Published May 9, 2021
By Joseph Newkirk
Thomas
Edison believed his invention in 1888 of a motion picture camera and seven
years later a “kinetograph,” which projected these pictures onto a surface,
novelties without practical uses. Soon, though, “moving pictures” dazzled
people around the world by presenting a dynamic way to view images.
In
December 1896, the Empire Theater on 8th and Maine Streets in
Quincy—a venue for live theater, vaudeville, and burlesque performances since
soon after the Civil War—showed a brief moving picture of German soldiers
galloping on horses and brandishing sabers. “Movies,” as they were later
called, consisted
simply of recorded images like these rather than those crafted into coherent
stories.
The
Orpheum and Bijou Theaters in Quincy offered moving pictures as a side
attraction to live productions, but as technology developed “Nickelodeons” created
a sensation.

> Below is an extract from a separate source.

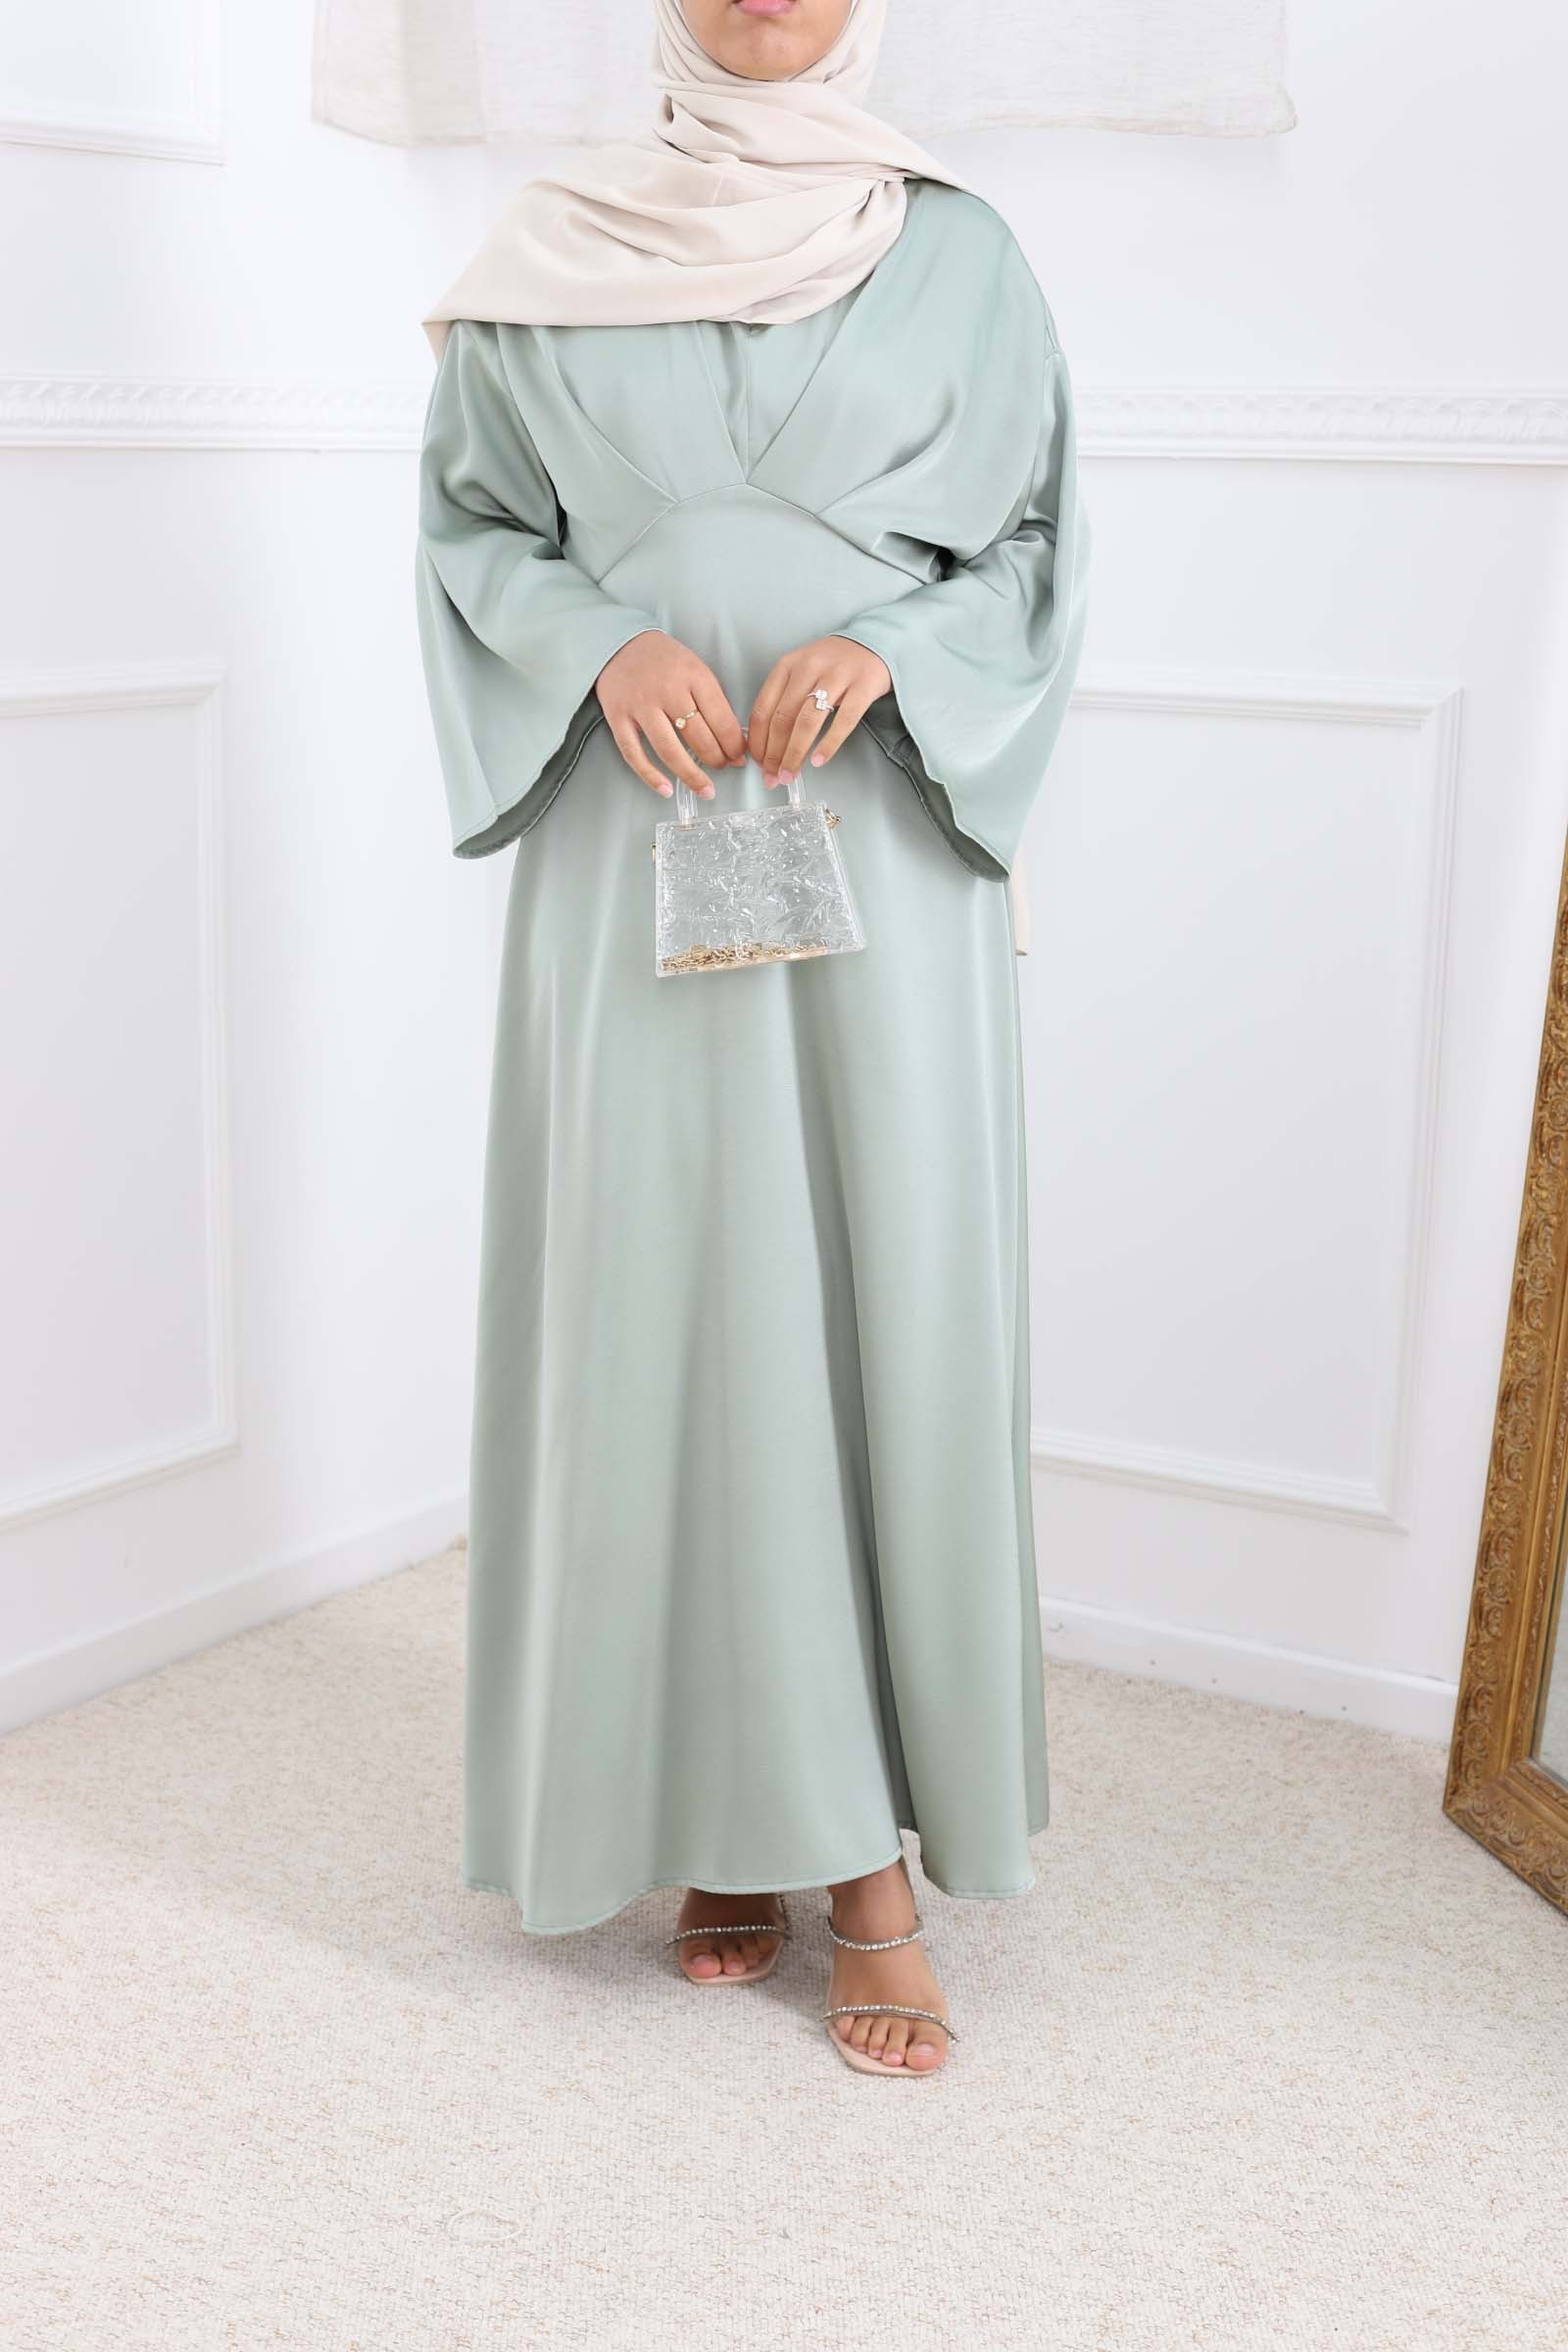 Robe de soirée femme musulmane , hijab fete
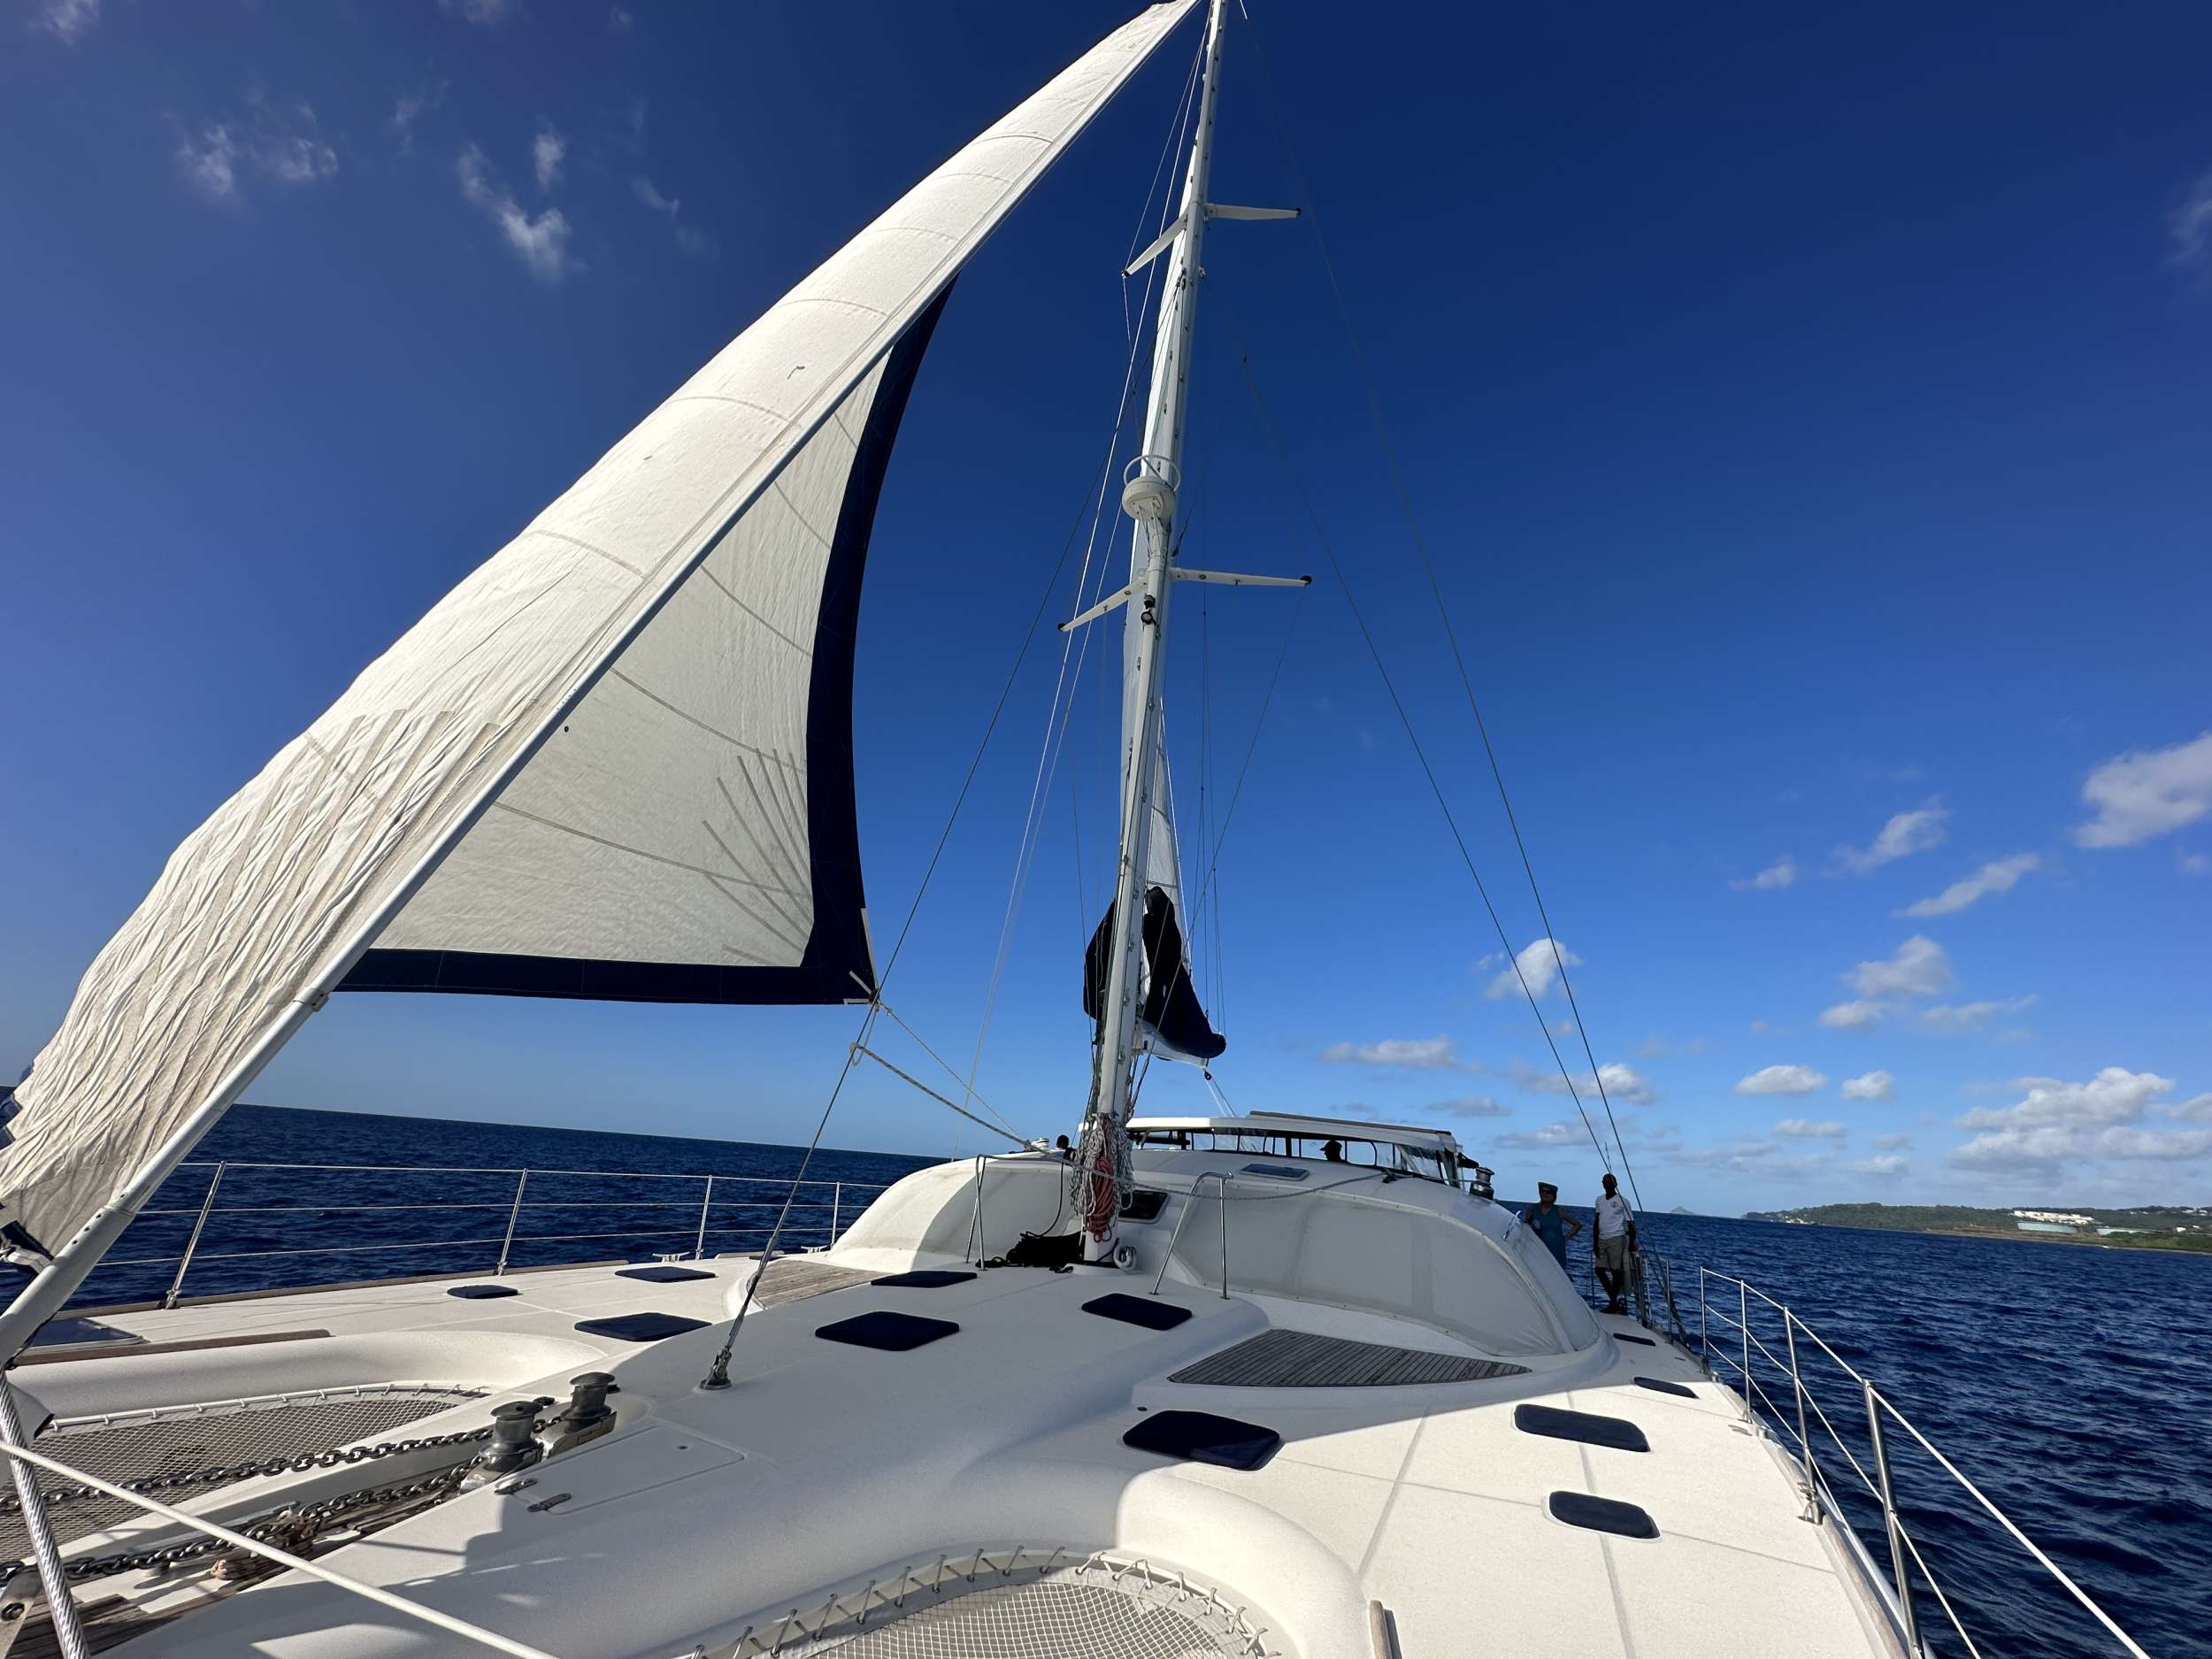 Lady Marigot - Luxury yacht charter Grenada & Boat hire in Caribbean 1

Several of these small theaters started business in town, and
their weekly attendance rose to an estimated eight to nine thousand. Trick
photography pictures proved the most popular, followed by comedy and westerns.
Before long, moving pictures started competing with other forms of
entertainment, and their lower prices and flexible show times heightened
appeal.
For
use by a single viewer, engineers redesigned kinetographs into kinetoscopes,
colloquially called “peep shows,” and they sprang up across Quincy and
increased exposure to this new medium. Peep shows could be found in businesses,
lodges, and even the Adams County Courthouse.
Hailed
as the first moving picture to have a story line, “The Great Train Robbery”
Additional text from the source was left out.